++++ Exercise data ++++
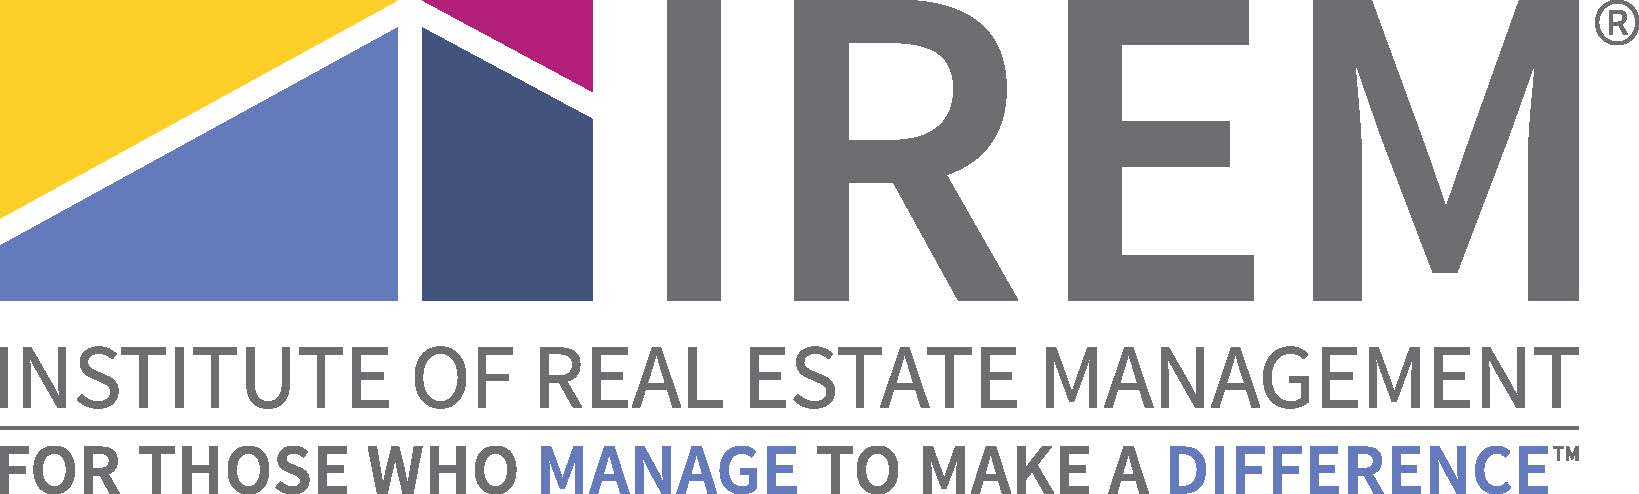 IREM Tagline Logo - CMYK
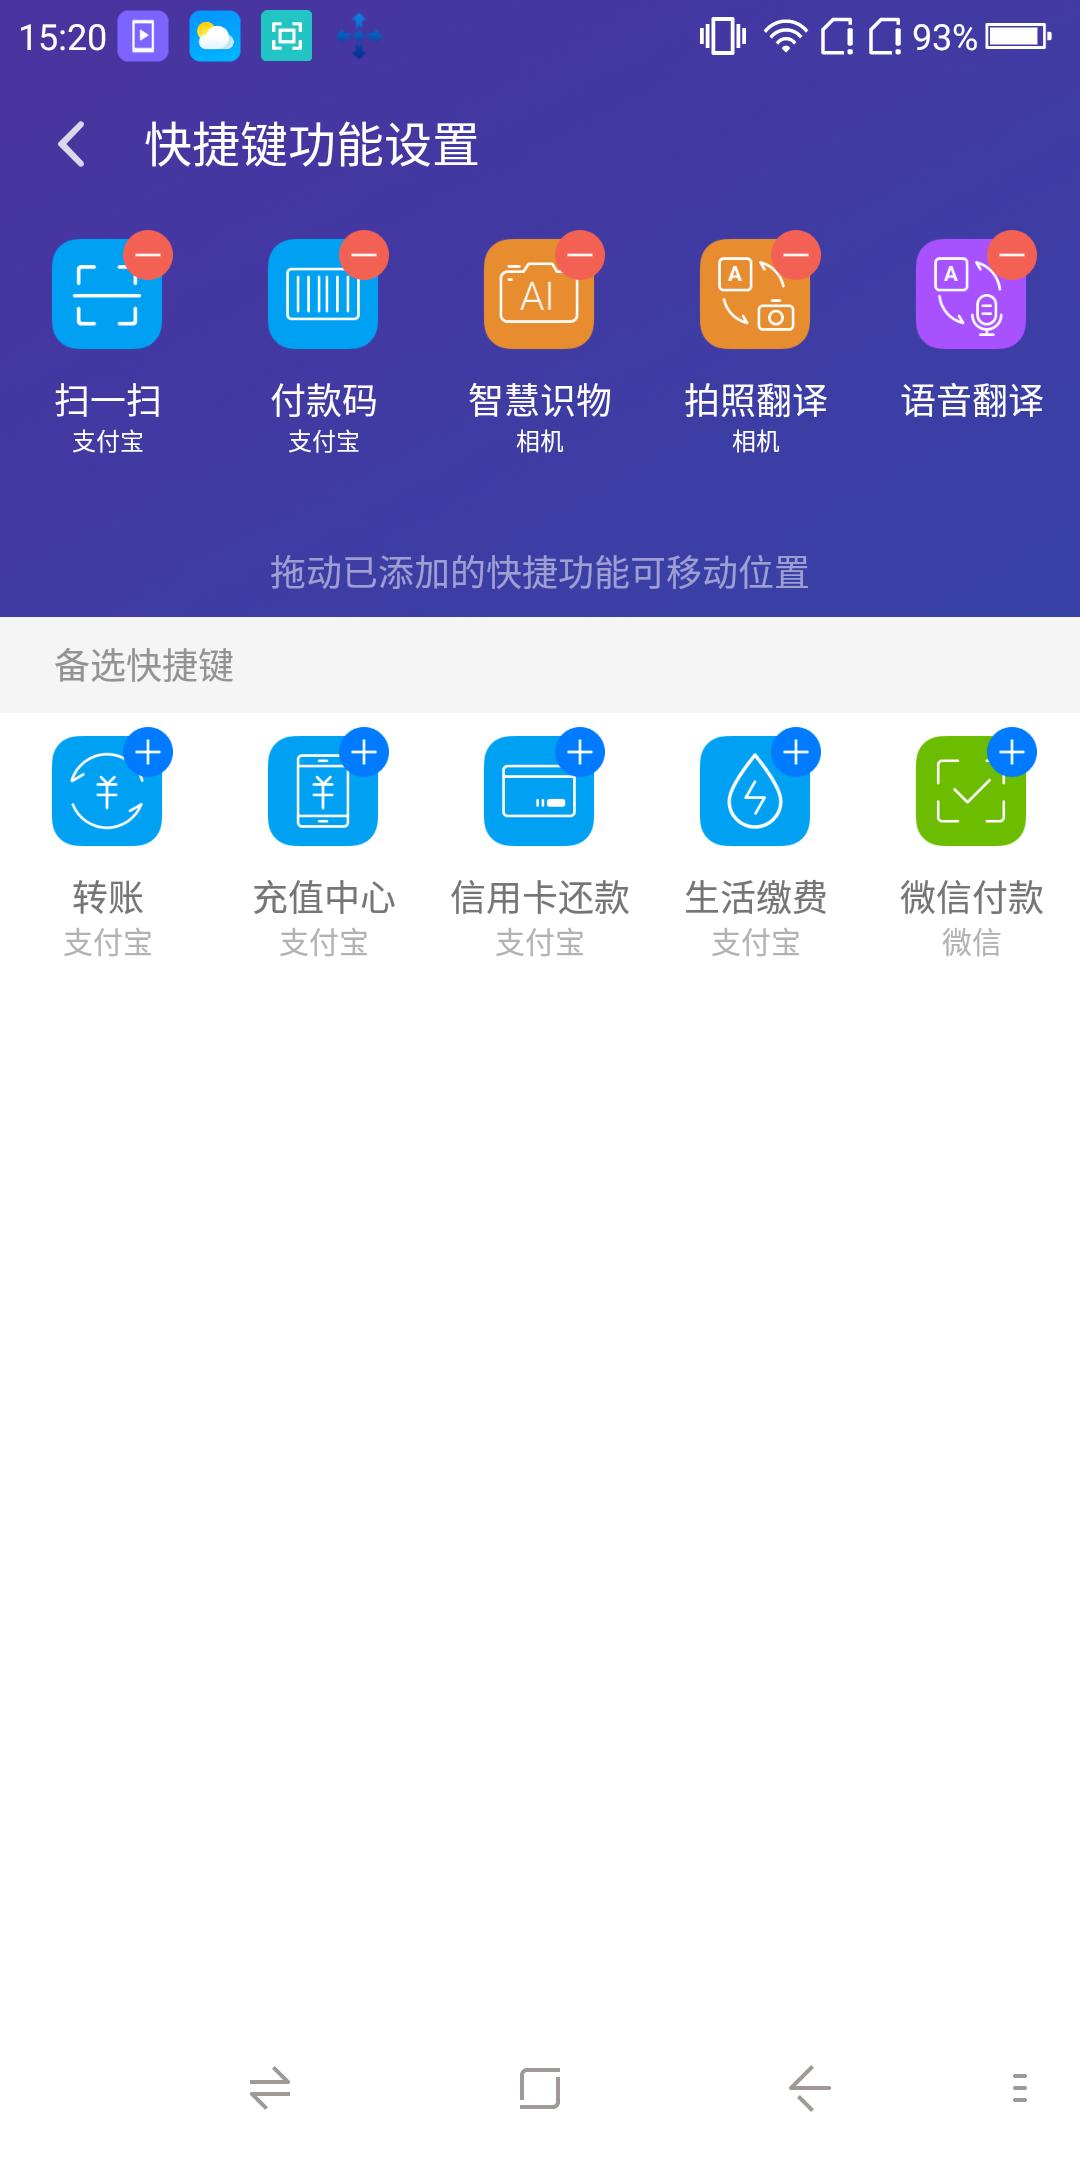 Screenshot_2018-08-22-15-20-19.png
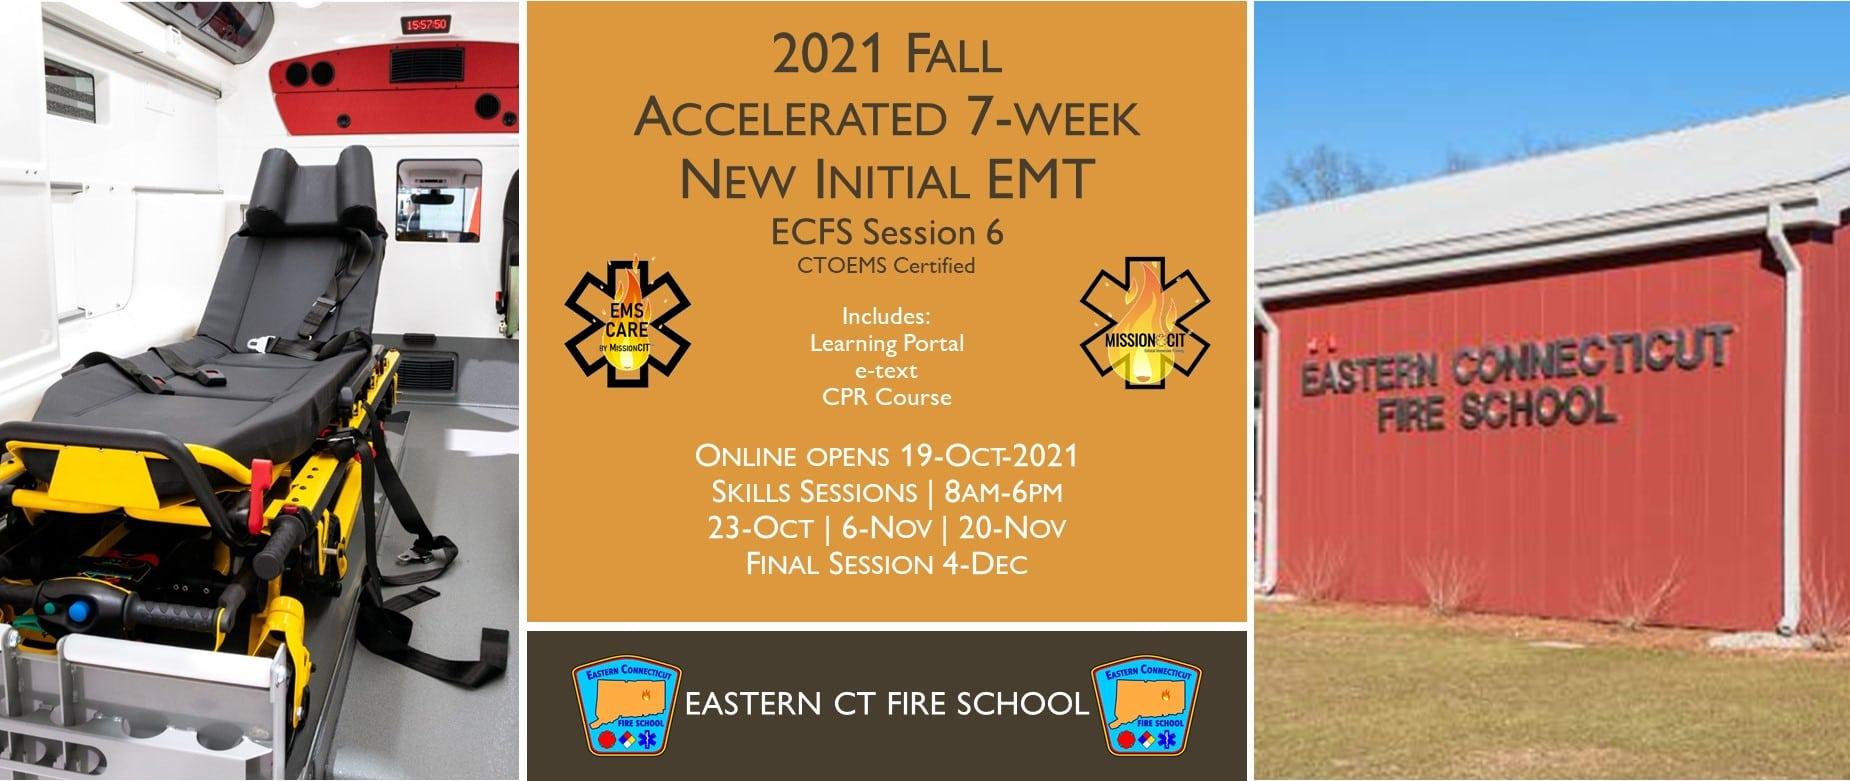 2021 Fall EMT Initial Course   ECFS Session 6   7 week   emt course near me   emt class ct   emt courses in ct   ctoems course
++++
• Task instructions:
Since pictures are not part of the copy, set down only the remaining data exactly.

• Task solution:
 IREM Tagline Logo - CMYK
 Screenshot_2018-08-22-15-20-19.png
 2021 Fall EMT Initial Course   ECFS Session 6   7 week   emt course near me   emt class ct   emt courses in ct   ctoems course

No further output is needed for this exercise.